• _Activity_
Without including any pictures, give back all of the data exactly.

• _Given data_
--------------------------------------------------

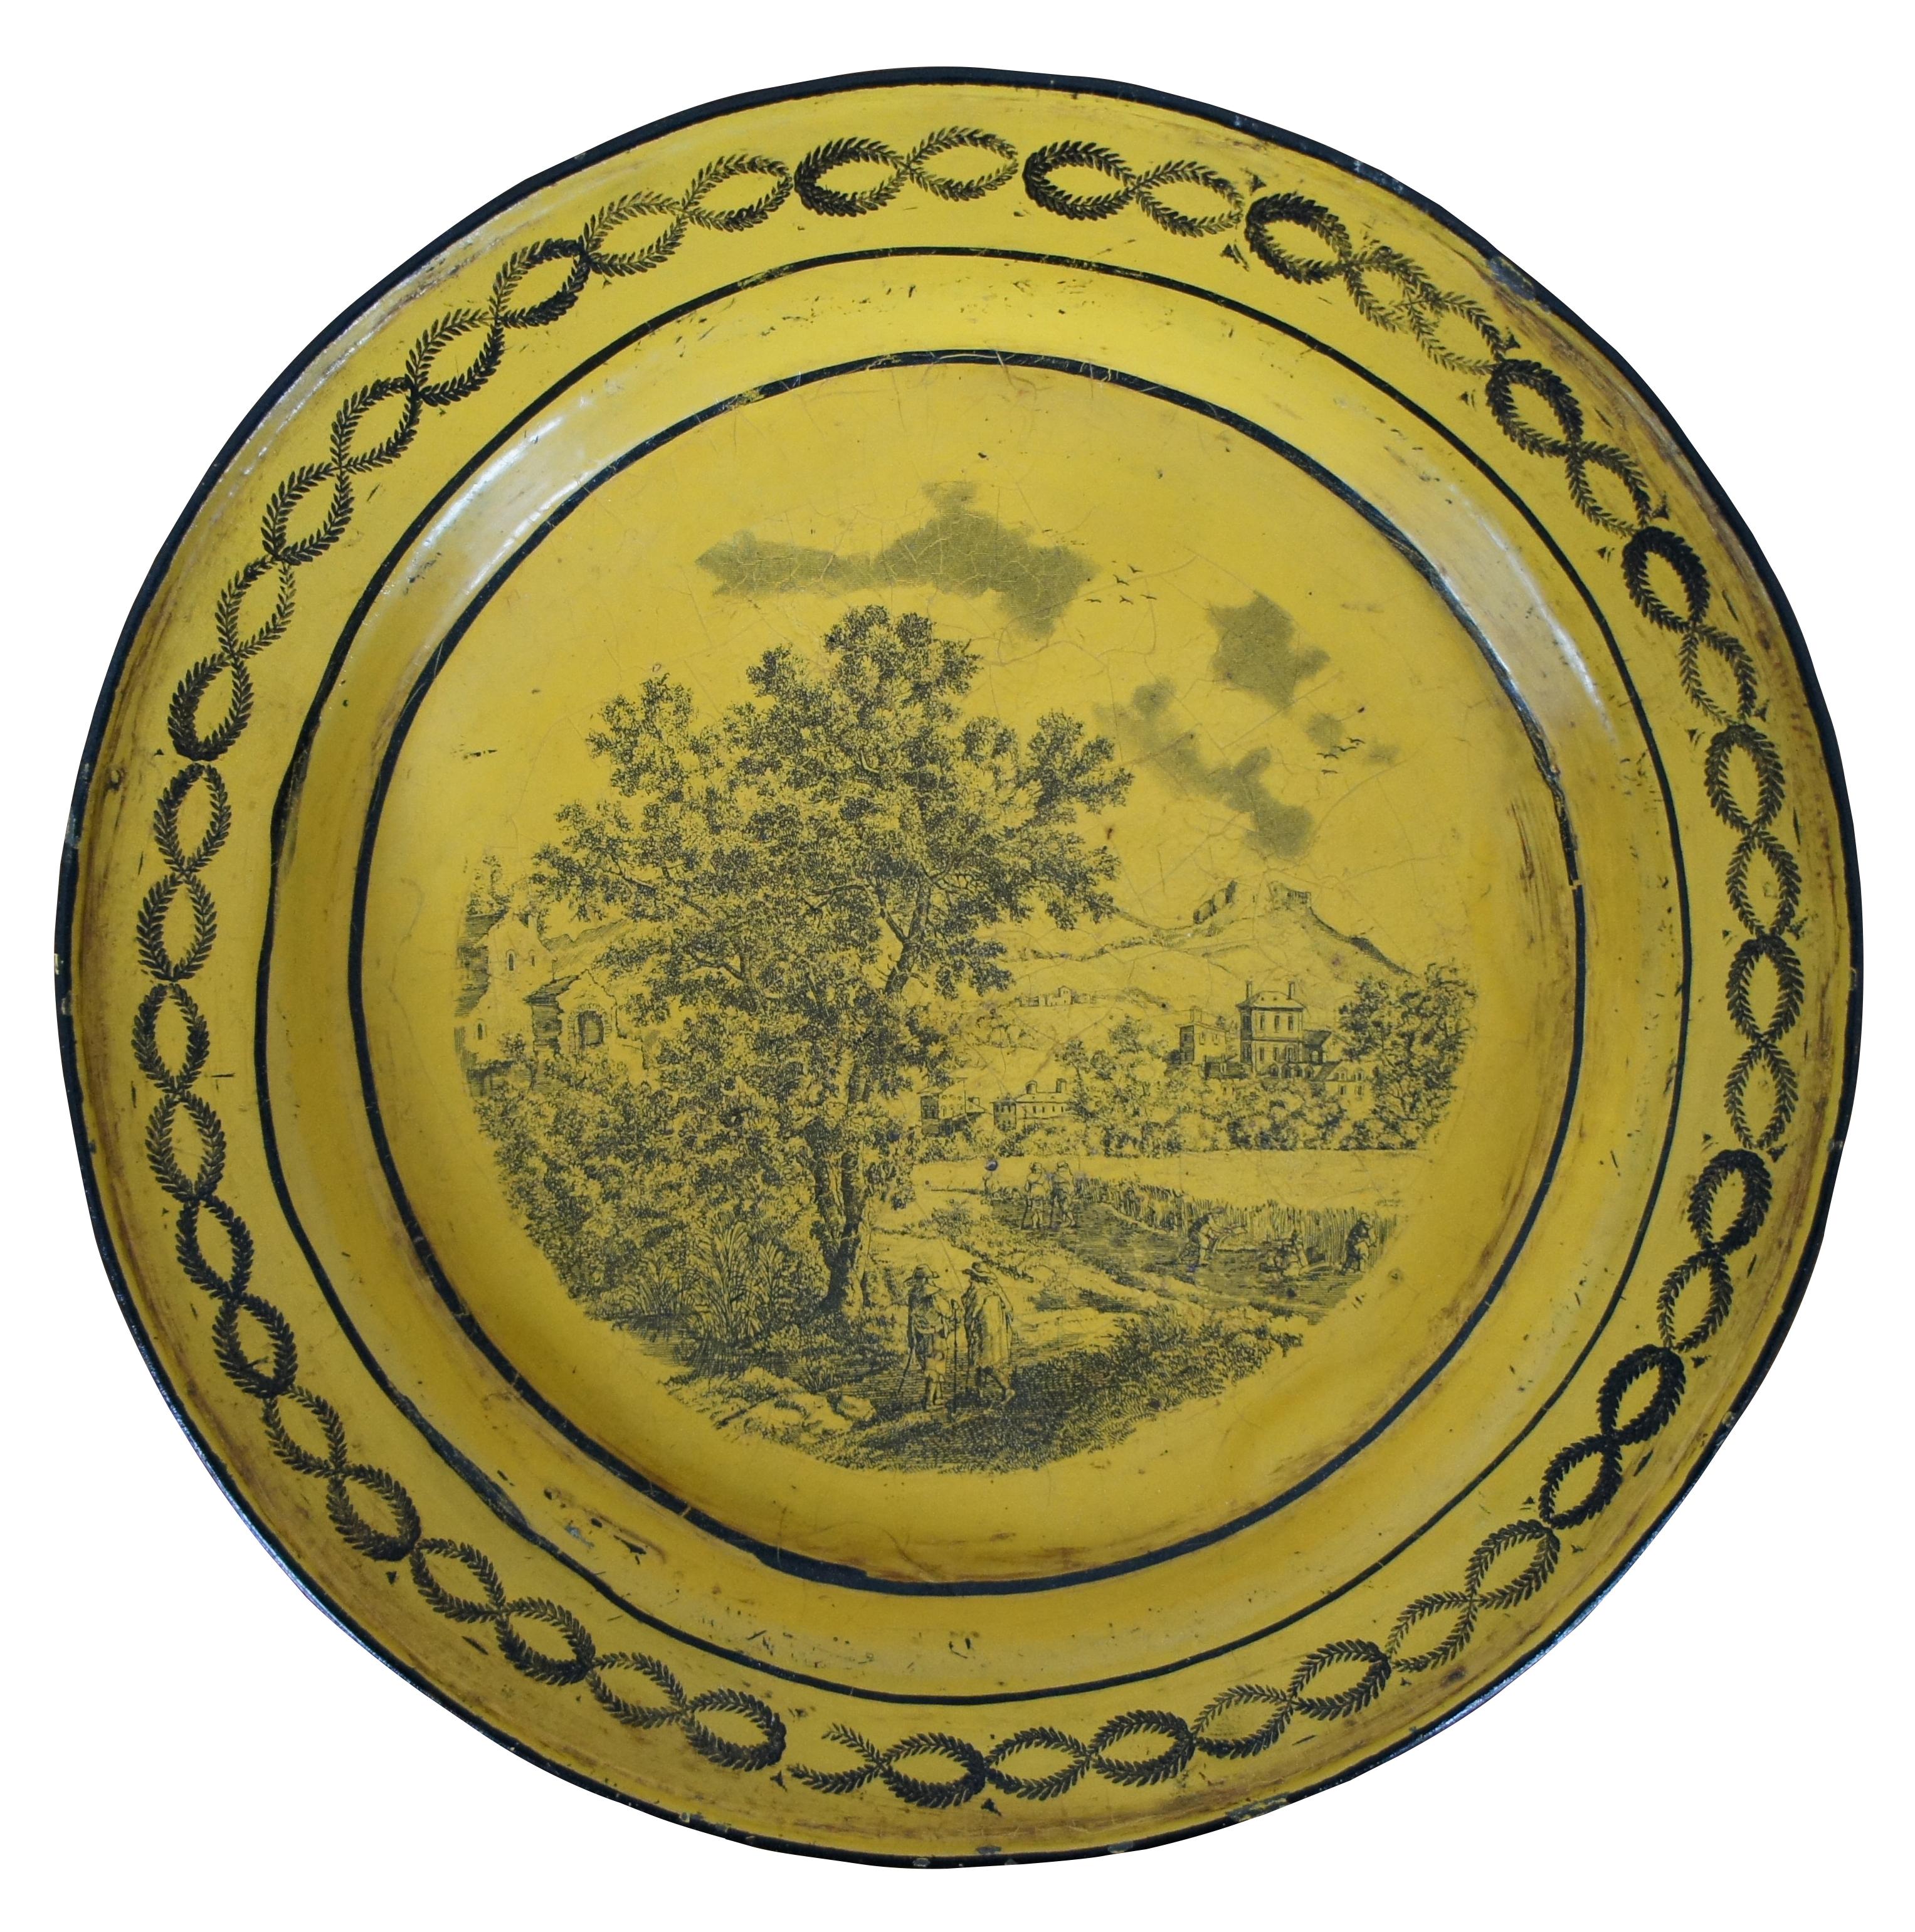 Antique metal tole ware Faience plate in mustard or canary yellow with transferware landscape scene and laurel wreath border. Measure: 9
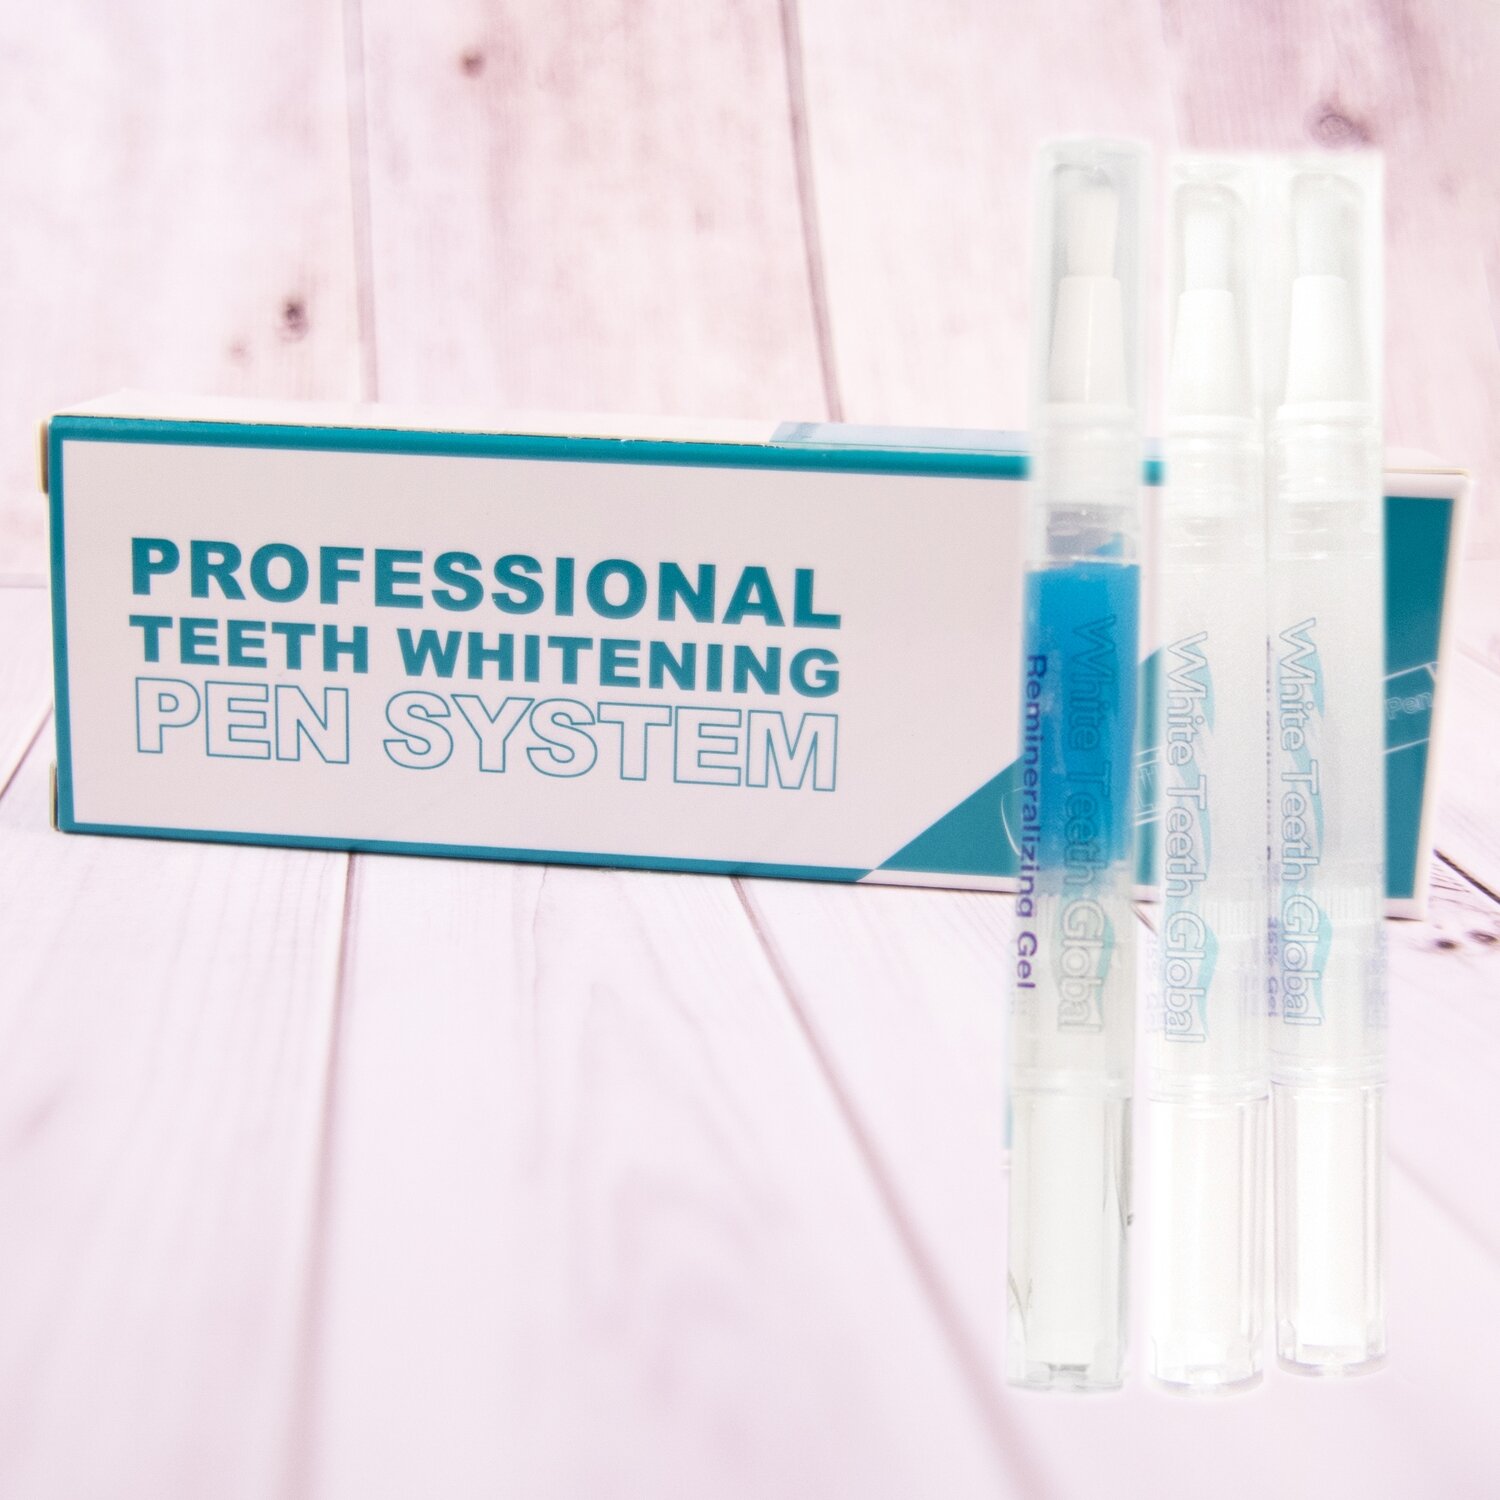 3 Teeth Whitening Pens Box with 2
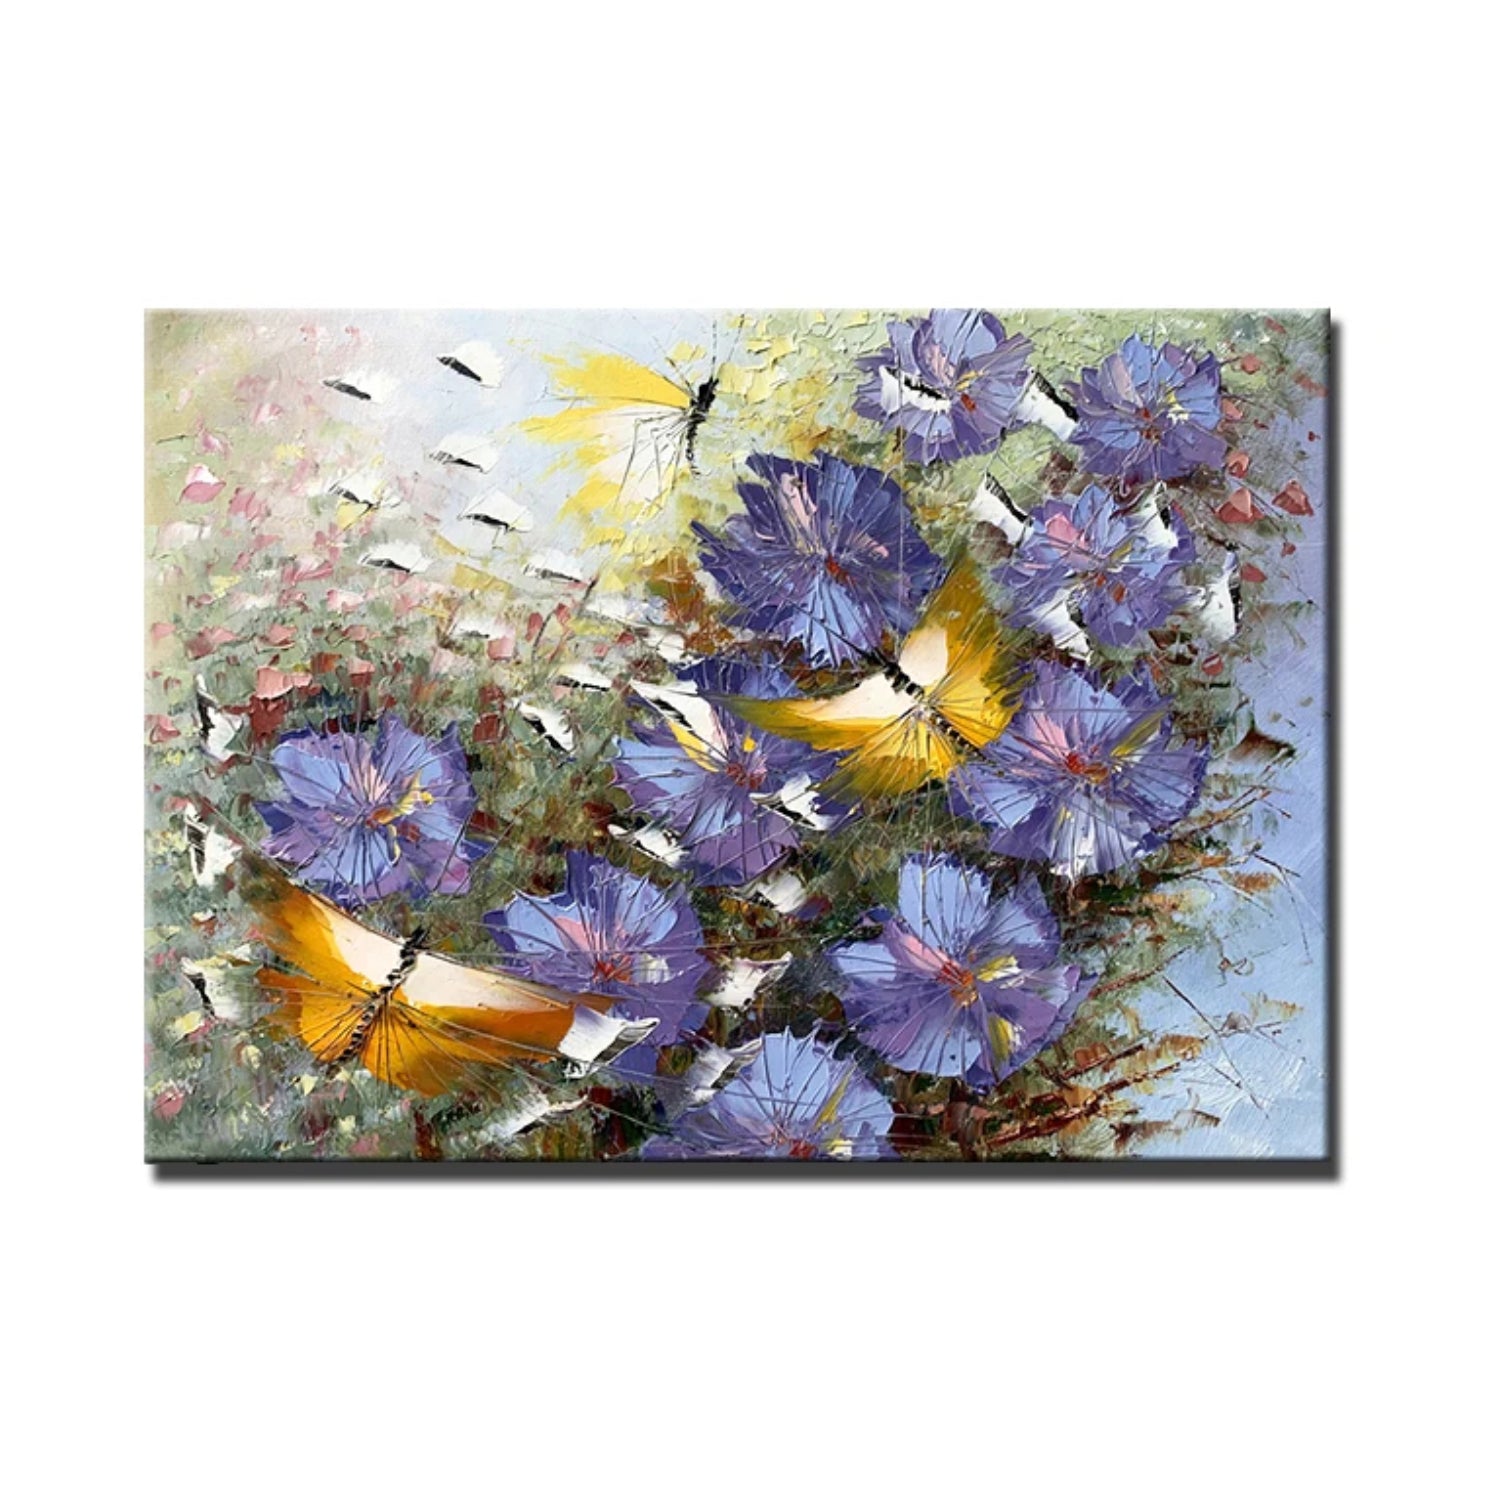 Abstract Butterflies Floral Landscape Impasto Wall Art

--------------------------------------------------

• _Exercise output_
 Antique metal tole ware Faience plate in mustard or canary yellow with transferware landscape scene and laurel wreath border. Measure: 9
 3 Teeth Whitening Pens Box with 2
 Abstract Butterflies Floral Landscape Impasto Wall Art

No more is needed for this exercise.